Your answer should hold exactly the lines below from the line with "Anillas Altas Picatinny" through the line with "Livret tupperware : le turbotup", both included, and no pictures at all.

Records provided Start Marker

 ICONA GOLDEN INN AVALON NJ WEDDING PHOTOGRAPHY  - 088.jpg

Records provided End Marker
Records provided Start Marker

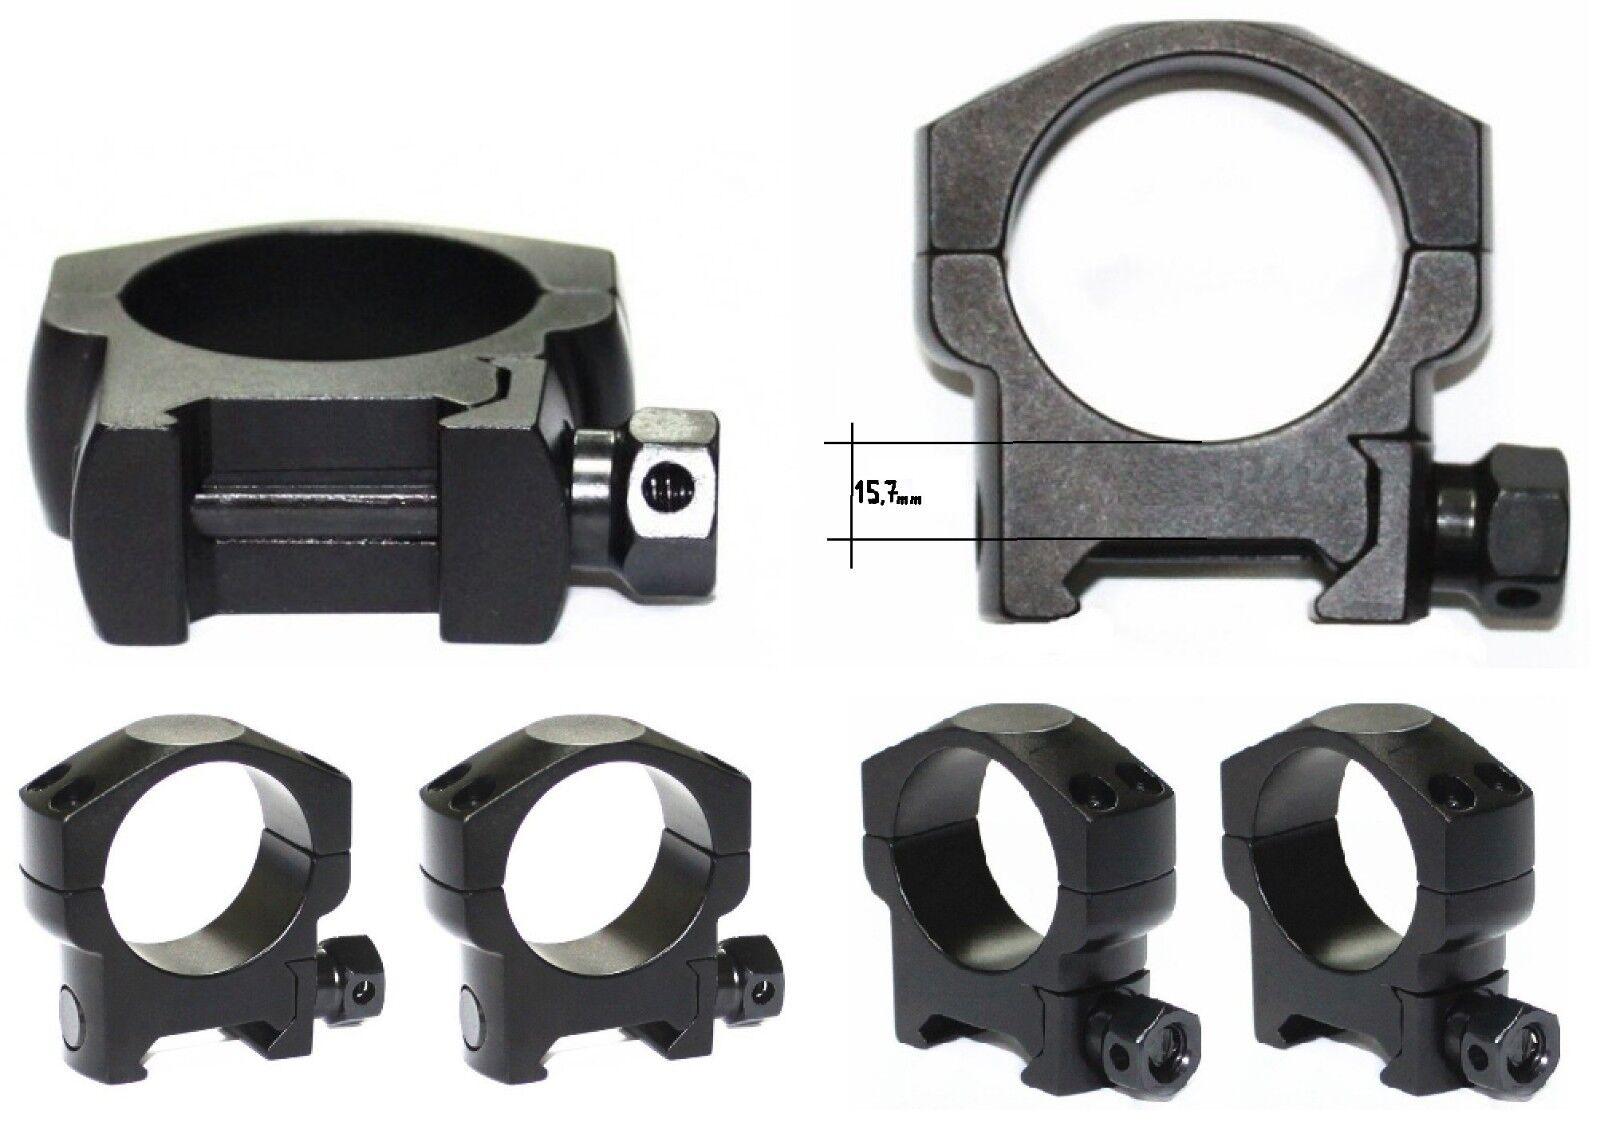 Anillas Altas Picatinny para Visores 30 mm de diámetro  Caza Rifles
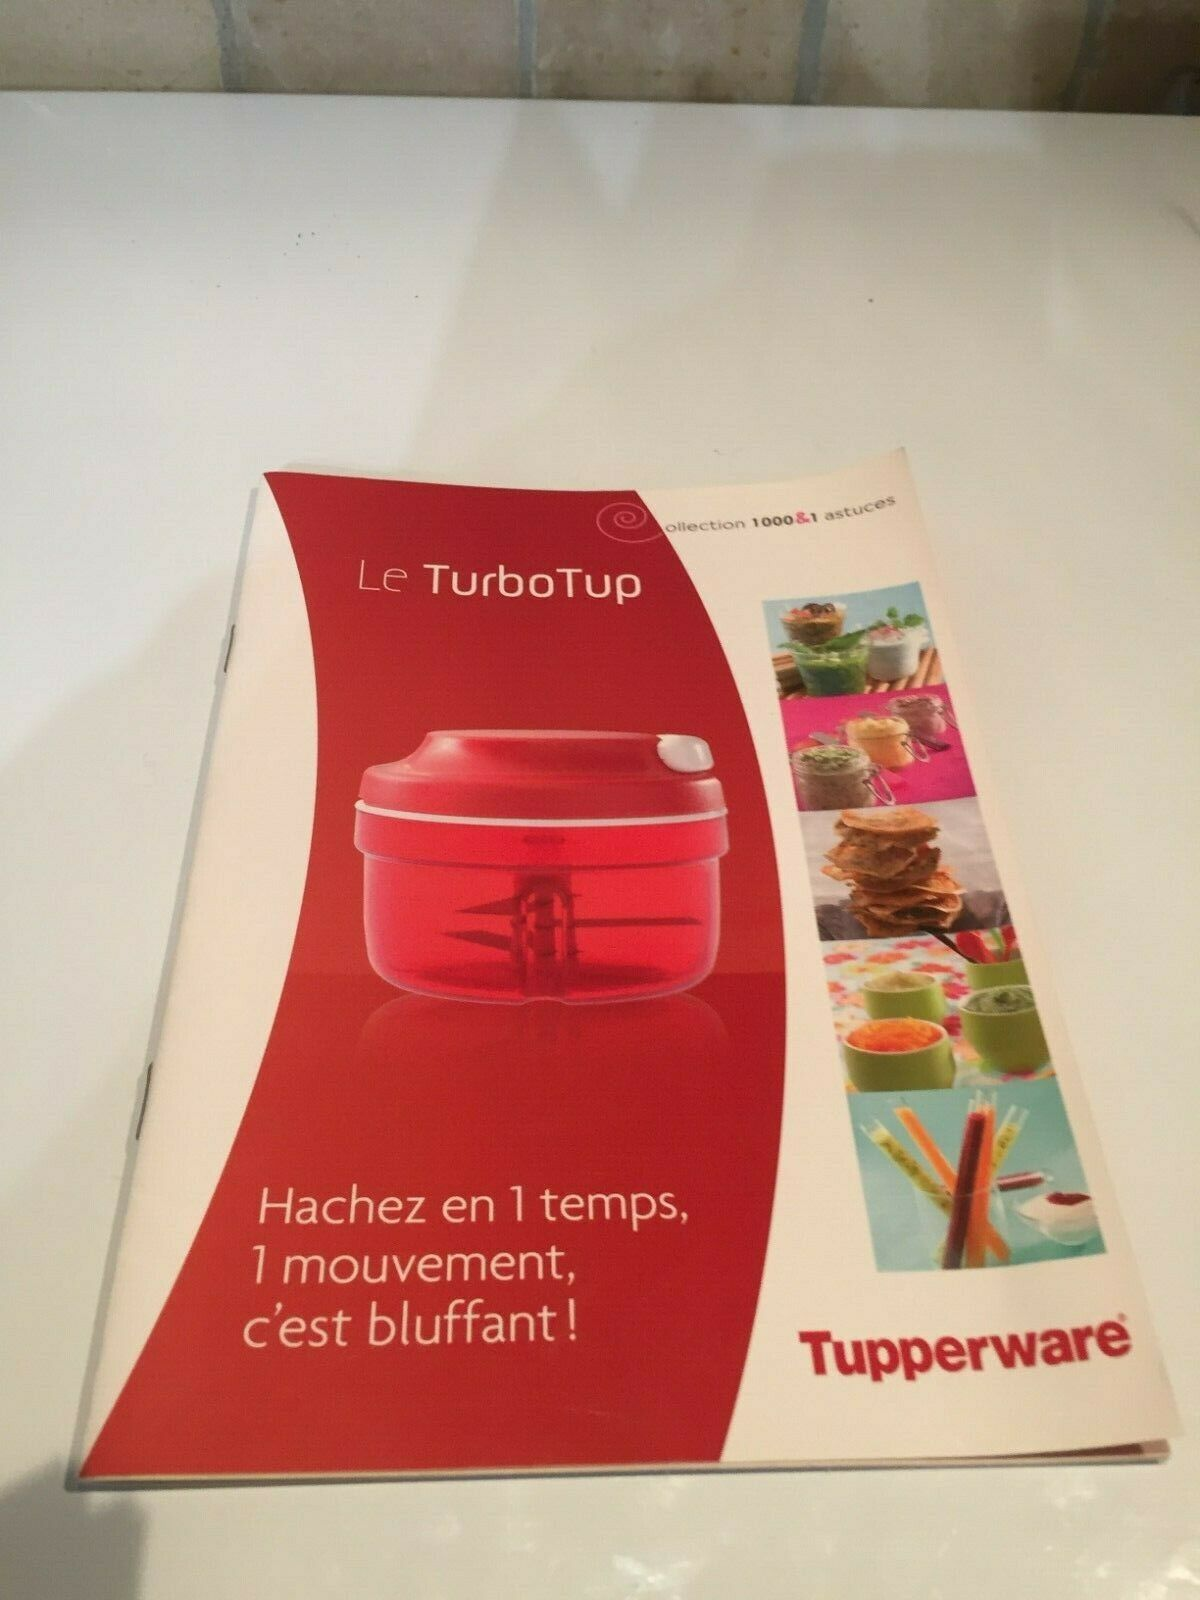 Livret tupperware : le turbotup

Records provided End Marker
Records provided Start Marker

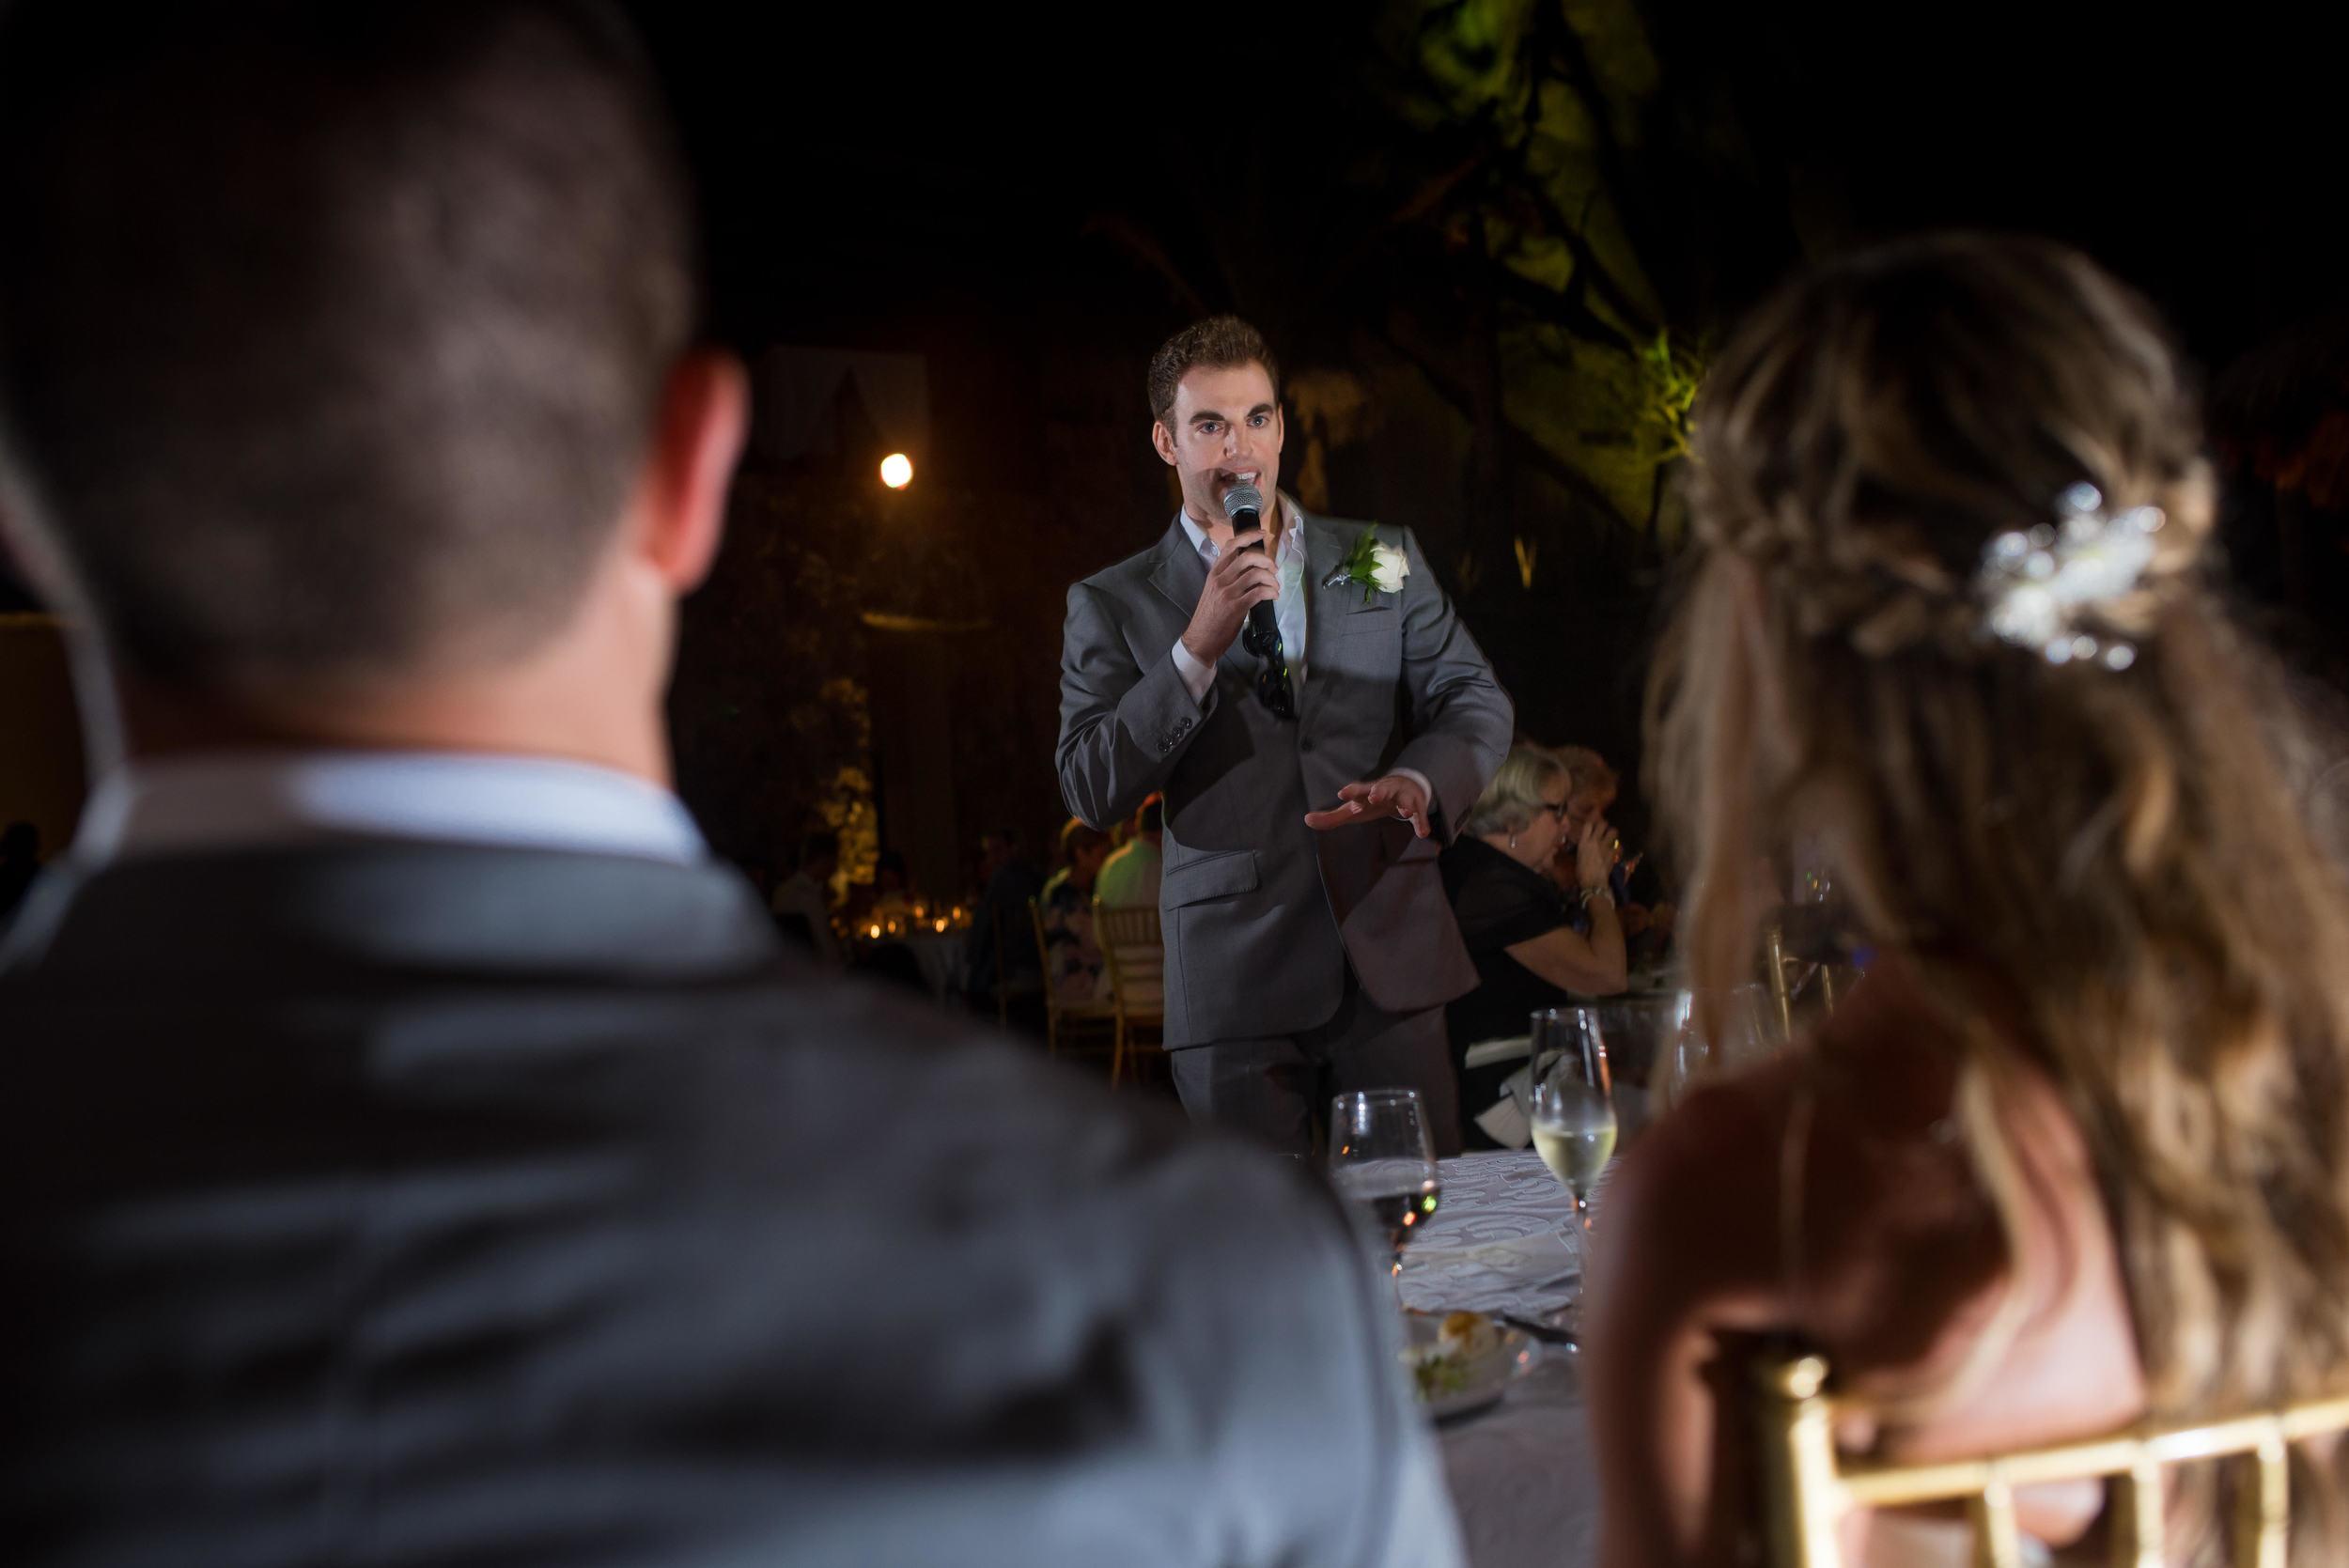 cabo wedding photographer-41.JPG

Records provided End Marker

- Expected answer:
 Anillas Altas Picatinny para Visores 30 mm de diámetro  Caza Rifles
 Livret tupperware : le turbotup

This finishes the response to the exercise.